Maybe I am giving in to loving something less-than-noble, but the taste of the evocative writing is still in my mouth, and the vivid images are still painted in my eyelids. I’m in Lytton, Georgia, with Peyton, and I am not ready to come home yet.
Nora, Nora: A Novel, by Anne River Siddons, is perhaps a piece of fiction not worth wasting time on. Even so, I thoroughly enjoyed it. I gobbled up the dinners and feasted on the scenery.

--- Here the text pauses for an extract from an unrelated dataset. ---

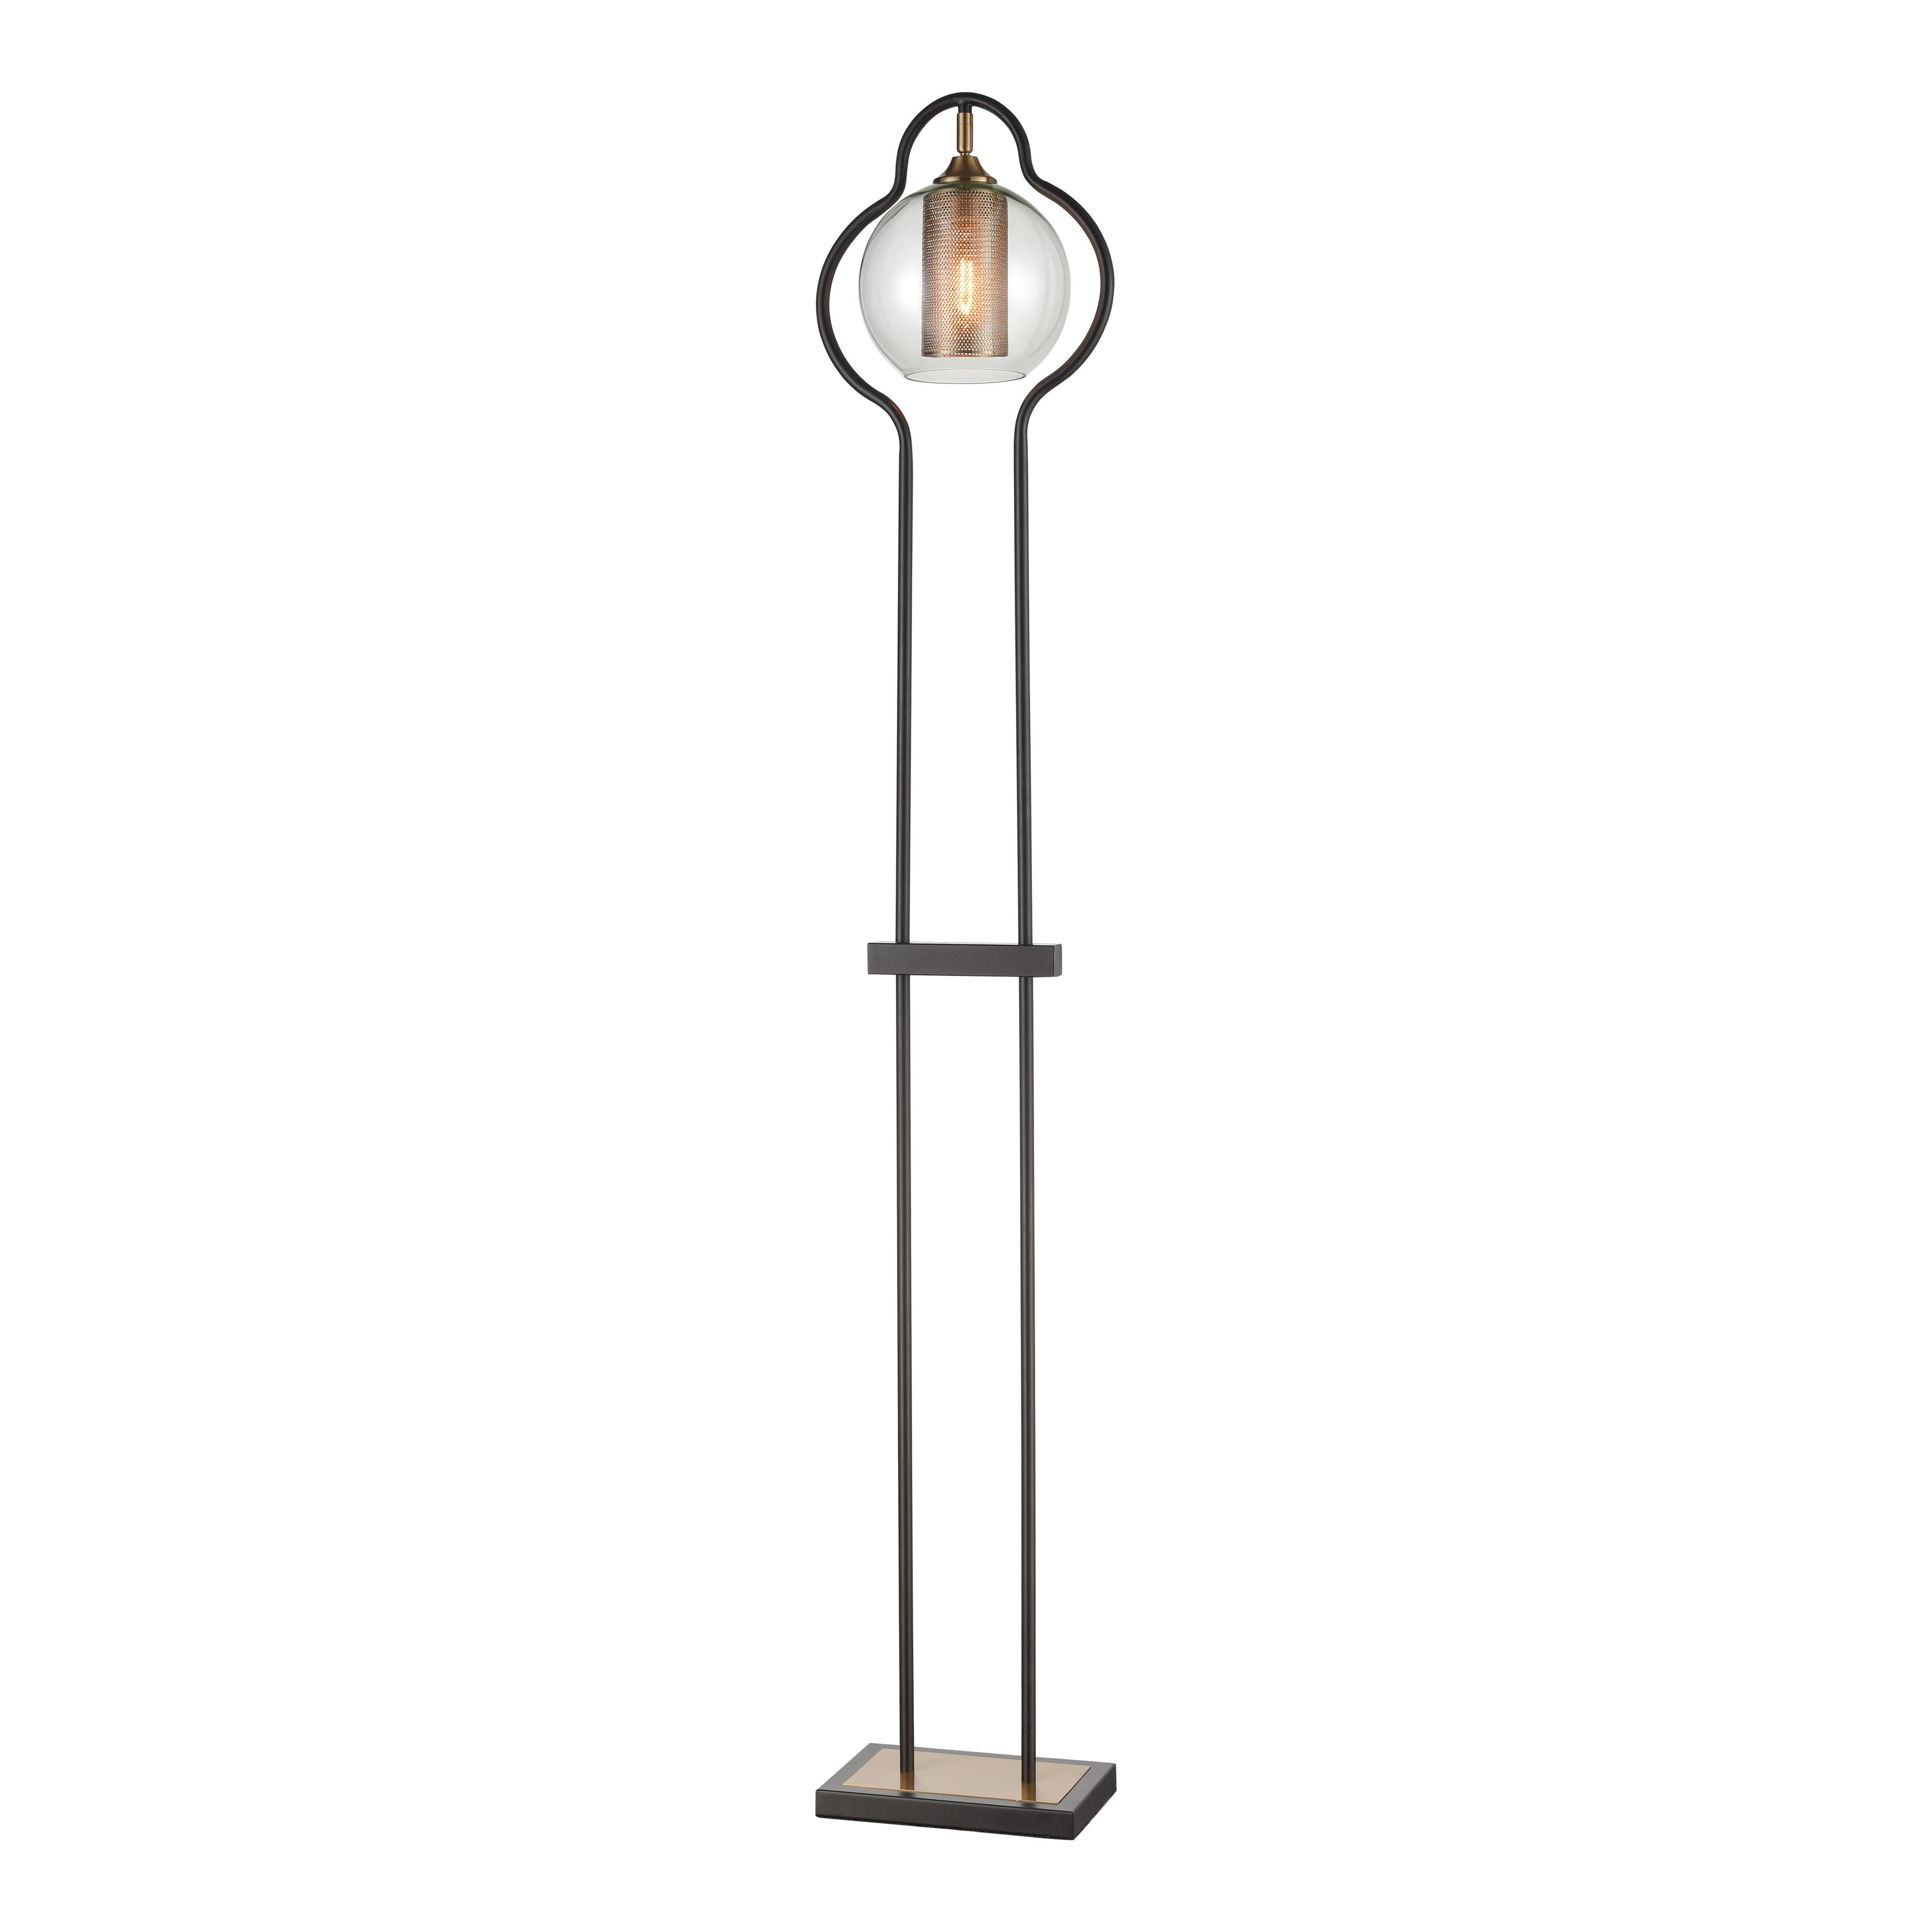 Stein World Bremington Floor Lamp

I came to know the characters as though they were living with me, and at the end of the story, I felt just the way I like to feel at the end of a delicious novel: like I had only just begun a journey.
I identified with the pain that Siddons so painstakingly captures in her characters, and I was not really surprised by what happened in the end…or was I? It’s hard to tell, because I was so delighted with it. I’ve been reading so much nonfiction lately, that I think maybe I forgot just what joy there is in reading fiction. I had somehow not remembered the worlds that are created for me, the willing reader; I had neglected to foster the dreams in myself that the fiction of my childhood made me even consider.

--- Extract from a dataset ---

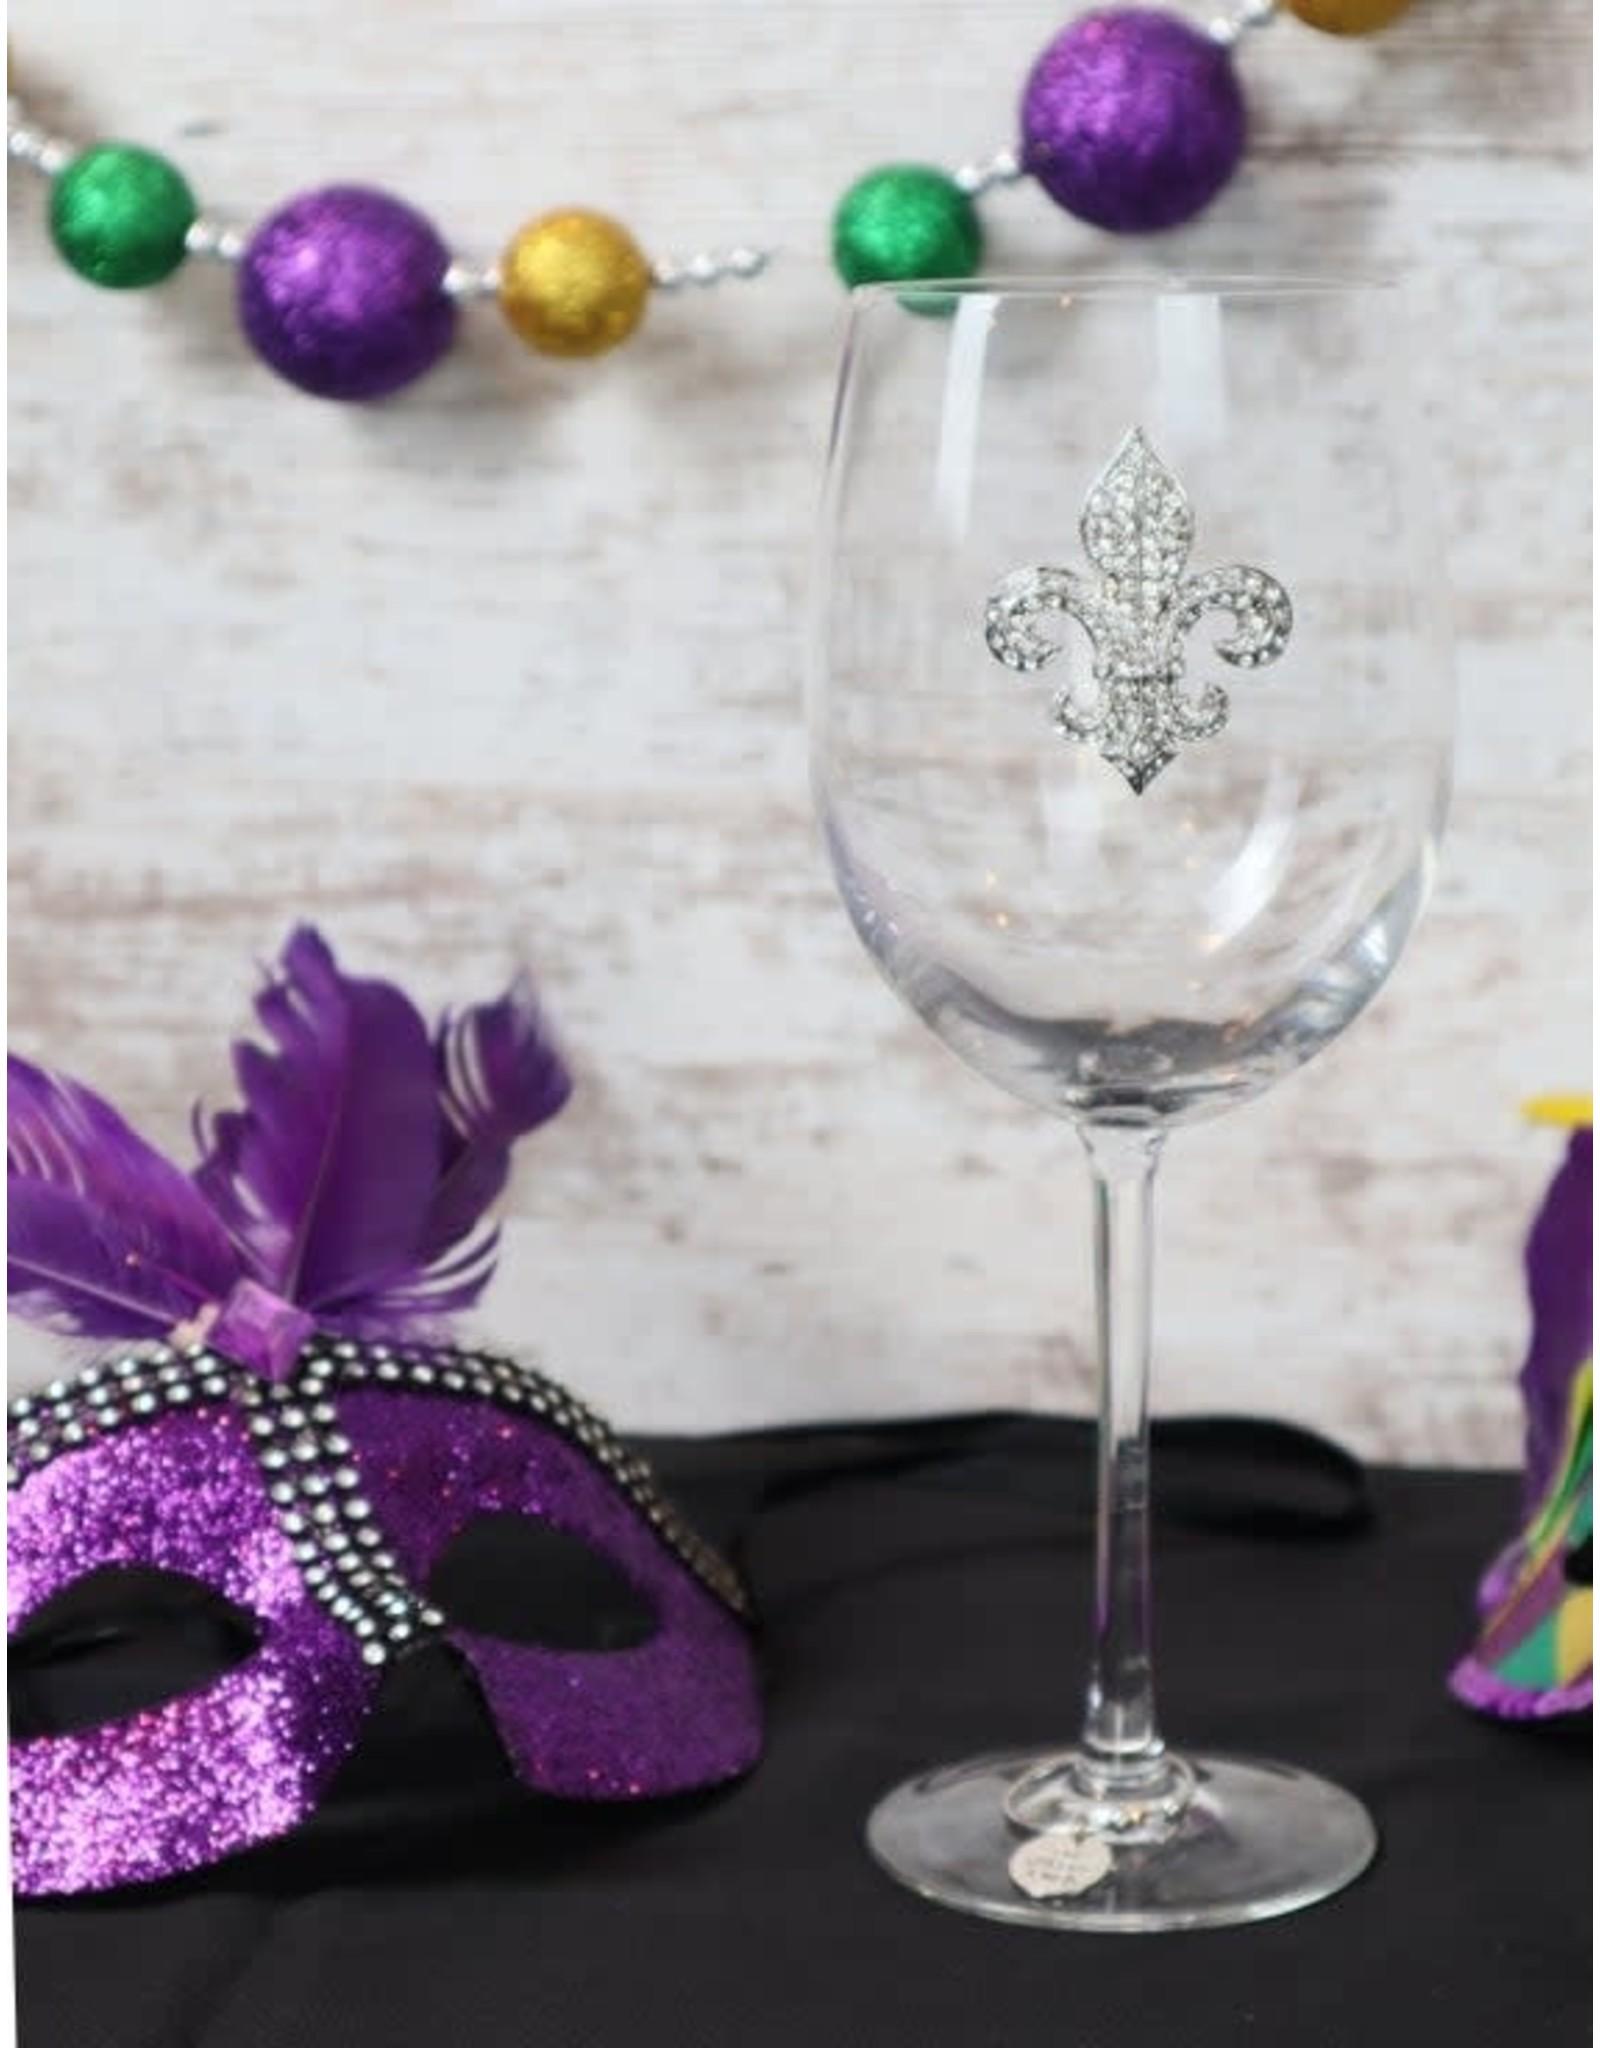 The Queen's Jewels Diamond FDL Jeweled Stemmed Wine Glass

Ah, a good novel. Maybe you will pick it up and find it disappointing. In that case, I leave you with a couple of excerpts that just spoke to me.
Nobody’s safe, and nobody’s free. … There’s only somewhere between safe and free, and what people are. The only thing we can ever be is just human, and that ends up breaking our hearts. We all try so hard to be strong, or free, or safe, or whatever it is we think we need most…and in the end all we can ever be is just us. And it’s enough because it has to be. There’s not anything else.
We try to give what little we have to somebody who hasn’t got it, and maybe they try to give us back some of what they have that we haven’t got. That’s what love is. That’s all it is.